Menurut Poetoet, penggunaan helm sepeda bisa disesuaikan saja dengan kecepatan pengendara. Rata-rata, kata dia, kecepatan kayuhan sepeda masyarakat hanya berkisar 10-15 kilometer per jam sehingga tidak tergolong cepat. Ia mengatakan penggunaan helm menjadi wajib apabila kecepatan tinggi atau dalam kepentingan olah raga seperti cross country, down hill, dan sebagainya. "Jadi yang mengukur pakai atau tidak ya itu diri kita sendiri, bukan UU. Masak kemana-mana harus pakai helm bersepeda," ujar Poetoet.
Di samping itu, ia mengatakan harga helm sepeda yang kuat dan layak saat ini relatif masih lebih tinggi dari rata-rata helm sepeda motor. Sehingga dikhawatirkan justru membuat malas masyarakat bersepeda.
Selain itu, berdasarkan rancangan beleid pesepeda yang diterima Bike to Work, Poetoet mengatakan ada salah satu poin dalam aturan itu yang mewajibkan pemasangan sepatbor pada kendaraan gowes tersebut. Menurut Poetoet, sepatbor tidak terkait langsung dengan keselamatan, melainkan berkaitan dengan kebersihan. Sehingga, kata dia, pemasangan sepatbor mestinya tidak menjadi hal yang wajib bagi pesepeda. "Itu hanya berfungsi kalau ada genangan air, kalau hujan. Kalau jalan bagus kan tidak perlu sepatbor," ujar dia.
Direktur Jenderal Perhubungan Darat Kemenhub, Budi Setiyadi menargetkan Peraturan Menteri Perhubungan soal pesepeda bisa rampung pada bulan ini.

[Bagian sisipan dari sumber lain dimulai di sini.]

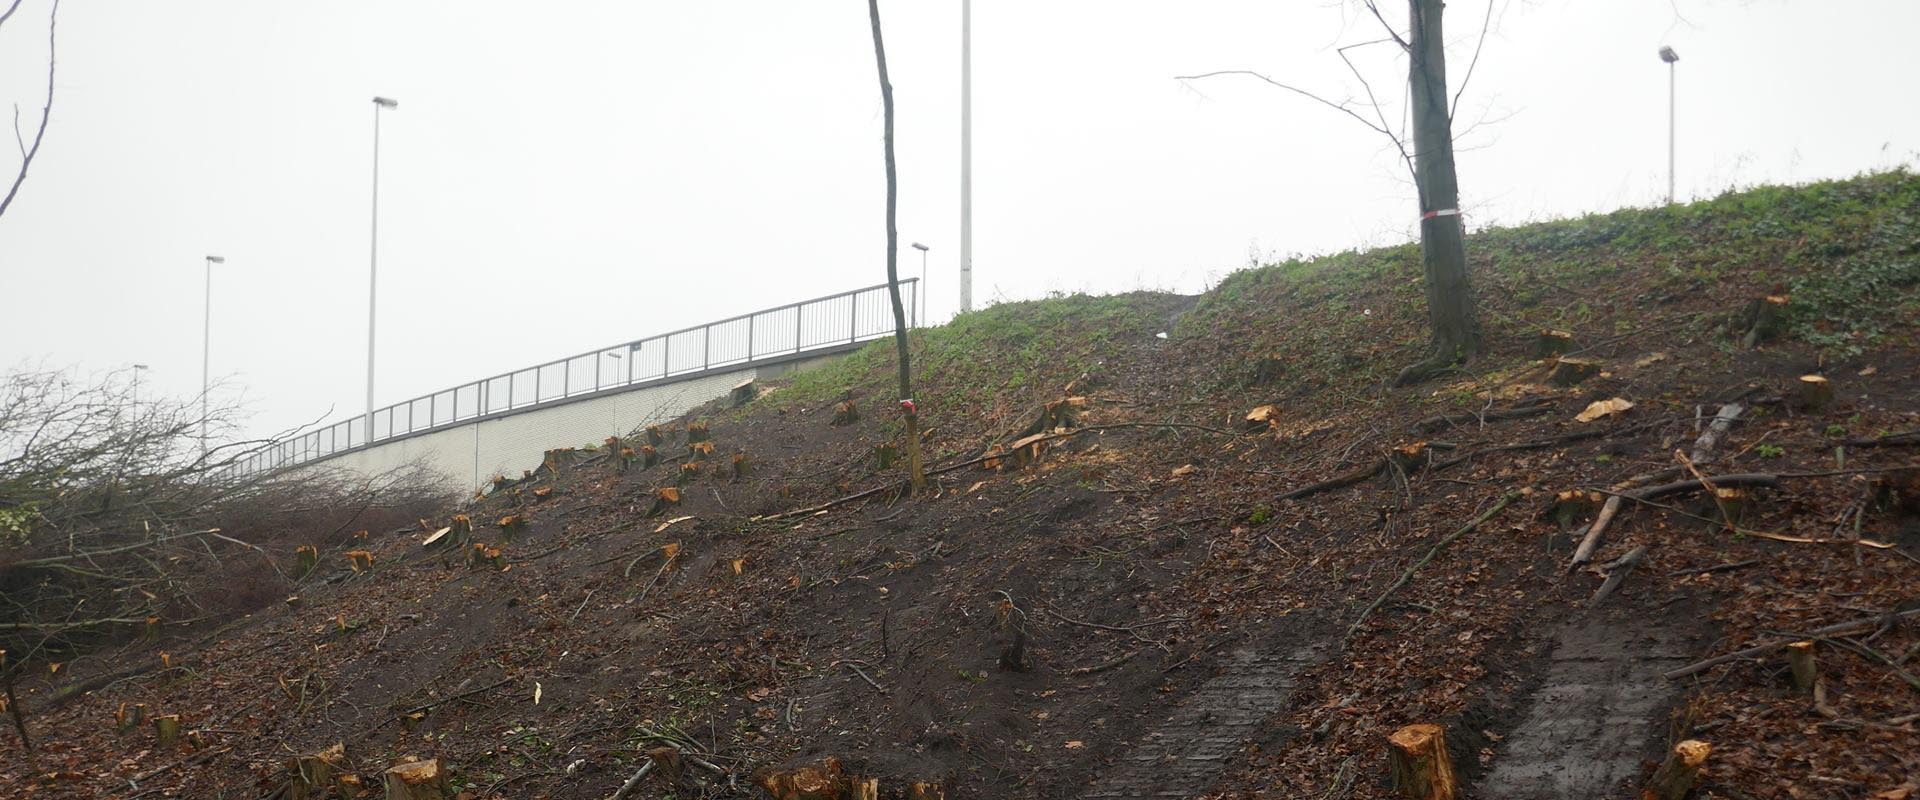 Wegen en verkeer kapt groenbuffer aan Katelijne-eiland kaal

Ia mengatakan beleid tersebut segera difinalisasi. "Pekan ini finalisasi, saya harapkan pada pekan ketiga Juli semoga bisa dimajukan ke Pak Menteri (Menteri Perhubungan Budi Karya Sumadi)," ujar Budi kepada Tempo, Ahad, 5 Juli 2020.
Budi mengatakan, jajarannya telah menjaring masukan dari berbagai pihak, termasuk dari komunitas pesepeda. Banyak masukan diterima terkait beleid tersebut. Karena itu, saat ini pihaknya tengah mengkaji kembali rancangan beleid guna mengakomodasi masukan tersebut. "Banyak masukan yang harus kami akomodasi, tapi InsyaaAllah bulan ini bisa selesai," kata Budi.